Dans une première affaire, un propriétaire avait décidé de vendre une partie enclavée d’un terrain lui appartenant. L’acte de vente stipulait que « les biens vendus étant totalement enclavés, les vendeurs ont par les présentes concédé une servitude de passage en faveur de [l’acquéreur], qui accepte. La servitude [est] perpétuelle et irrévocable et devra être respectée par tous tiers détenteurs de la propriété appartenant actuellement [aux vendeurs] » (souligné par nous). Le Tribunal a cependant considéré que, malgré la qualification expresse de servitude, les pièces du dossier montraient que la volonté des parties était de ne conférer ce droit de passage qu’au seul acquéreur, à titre personnel, rejetant ainsi la qualification de servitude (Civ. Namur, 9 février 1998, confirmé en cassation). La juridiction a également relevé que l’acte indiquait expressément que la servitude était octroyée en faveur d’une personne, ce qui n’est cependant pas significatif dans la jurisprudence de la Cour de cassation.

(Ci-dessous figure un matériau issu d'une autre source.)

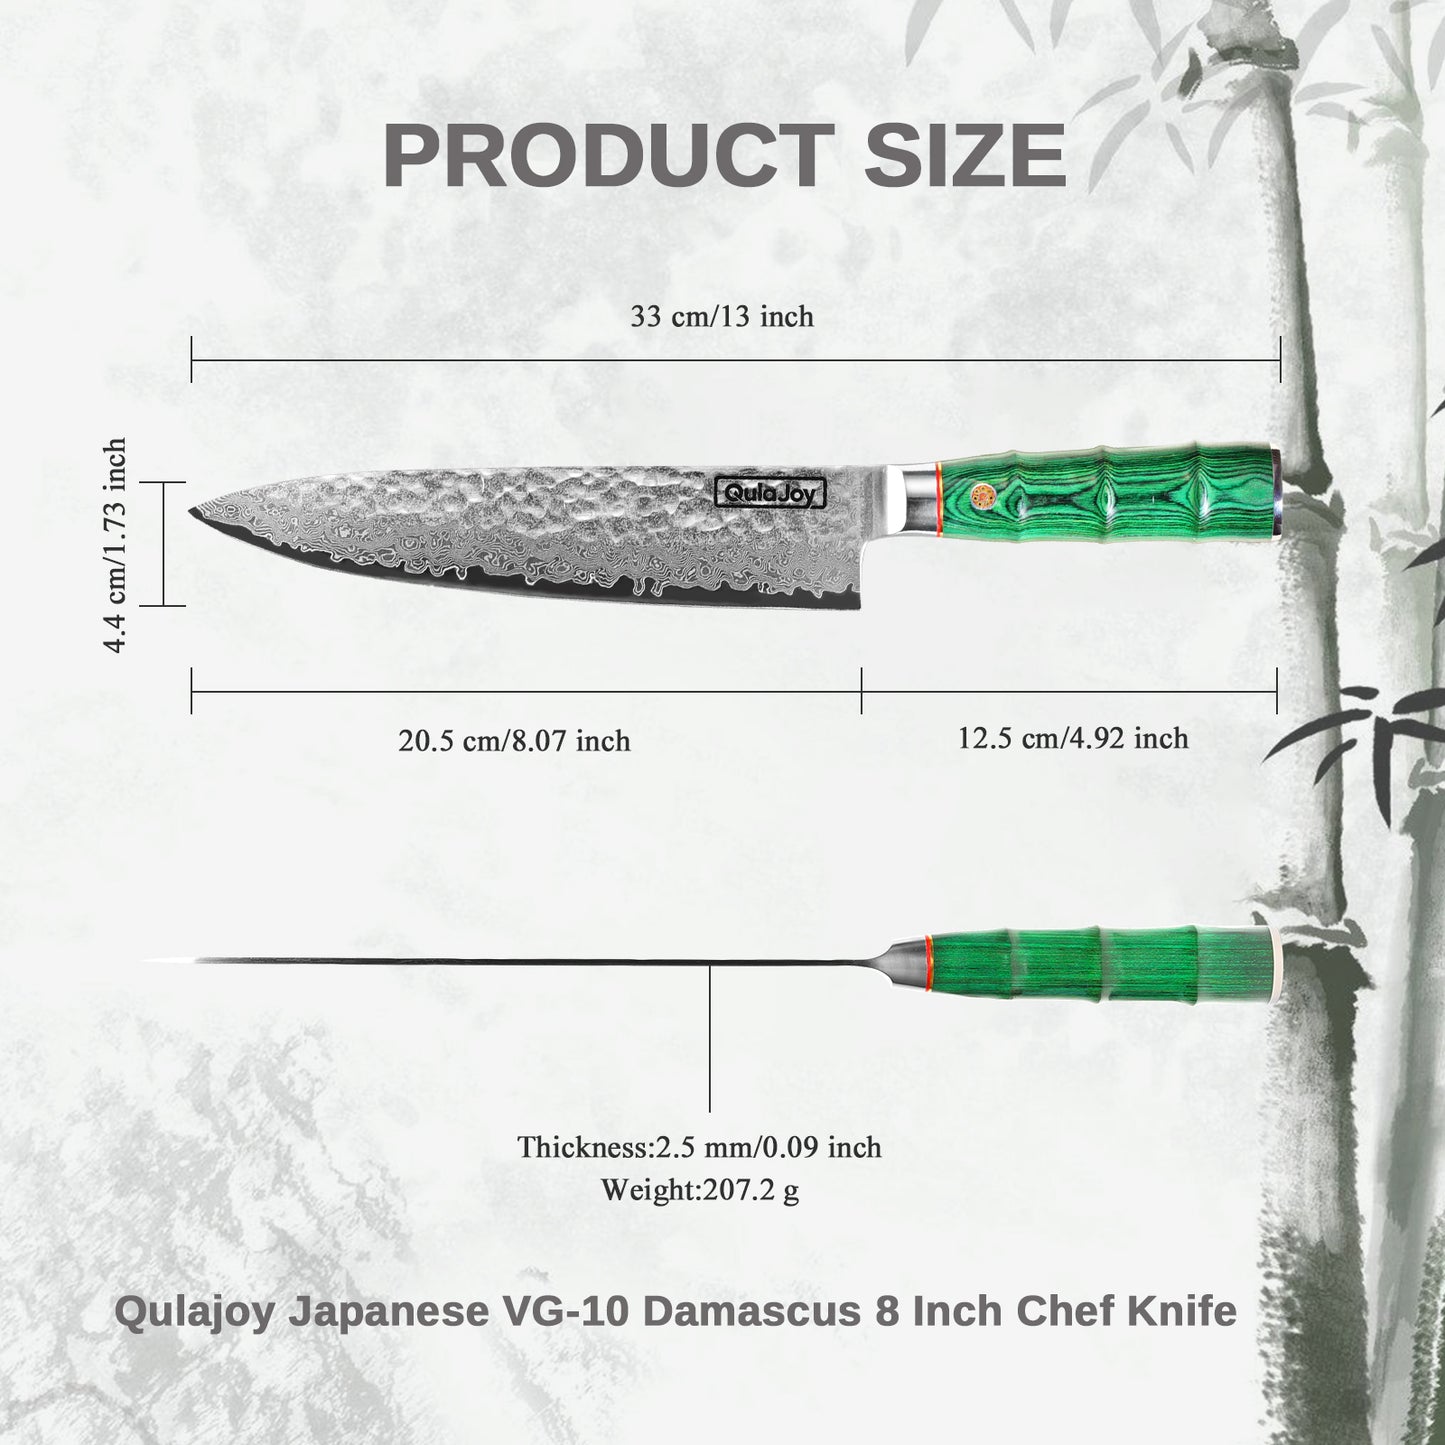 Qulajoy Japanese Chef Knife 8 Inch,67 Layers Damascus VG-10 Steel Core,Professional Hammered Kitchen Knife,Handcrafted With Ergonomic Bamboo Shape Handle

Dans une seconde affaire, un propriétaire avait également décidé de vendre une partie de son terrain, mais en se réservant quant à lui la partie enclavée. Dans cette espèce, l’acte de vente n’évoquait expressément aucune servitude, mais une clause stipulait que le vendeur pourra passer gratuitement sur le terrain vendu, à pied, avec animaux ou véhicules. Le Juge de paix a, cette fois-ci, souverainement considéré que cette clause devait s’interpréter comme constitutive d’une servitude de passage. (J.P. Nivelles, 6 décembre 1986).
Implications
Malgré la jurisprudence dissonante en la matière, il ne faut pas perdre de vue les implications parfois substantielles d’une qualification par rapport à l’autre. Pour se limiter à n’en citer que l’une ou l’autre parmi les plus importantes, soulignons les suivantes :
- le bénéficiaire d’une servitude dispose d’un droit de suite en la forme d’une action réelle dite confessoire, qui lui permet de protéger son titre et se prescrit par 30 ans (au lieu de 10 ans pour une action personnelle) ;
- une servitude ne peut être établie que par le propriétaire du fonds (ou le titulaire d’un droit réel suffisant sur le fonds), alors qu’un droit personnel pourrait fort bien, par exemple, être octroyé par un locataire ;
- une servitude étant un droit immobilier, elle n’acquière d’opposabilité générale aux tiers que du moment où elle a été transcrite dans le registre hypothécaire, ce qui suppose un acte authentique ; et
- une servitude est un droit essentiellement accessoire qui dépend du fonds auquel il s’attache. Il est donc impossible, notamment, de céder le fonds dominant sans céder en même temps la servitude et, contrairement à ce que l’on pense généralement, même si la servitude n’est pas reproduite dans l’acte de vente (ce que la pratique notariale tend cependant à généraliser), cette servitude est opposable à tous les acquéreurs successifs tant du fonds dominant que du fonds servant.
Conclusion
La seule recommandation qui puisse être faite afin de minimiser les risques de requalification, dans un sens comme dans l’autre, est d’être extrêmement attentif aux termes utilisés lors de la rédaction des clauses octroyant, selon la volonté des parties, une servitude réelle ou un droit personnel de créance. La consultation d’un spécialiste rompu aux différentes jurisprudences locales sera indéniablement un atout.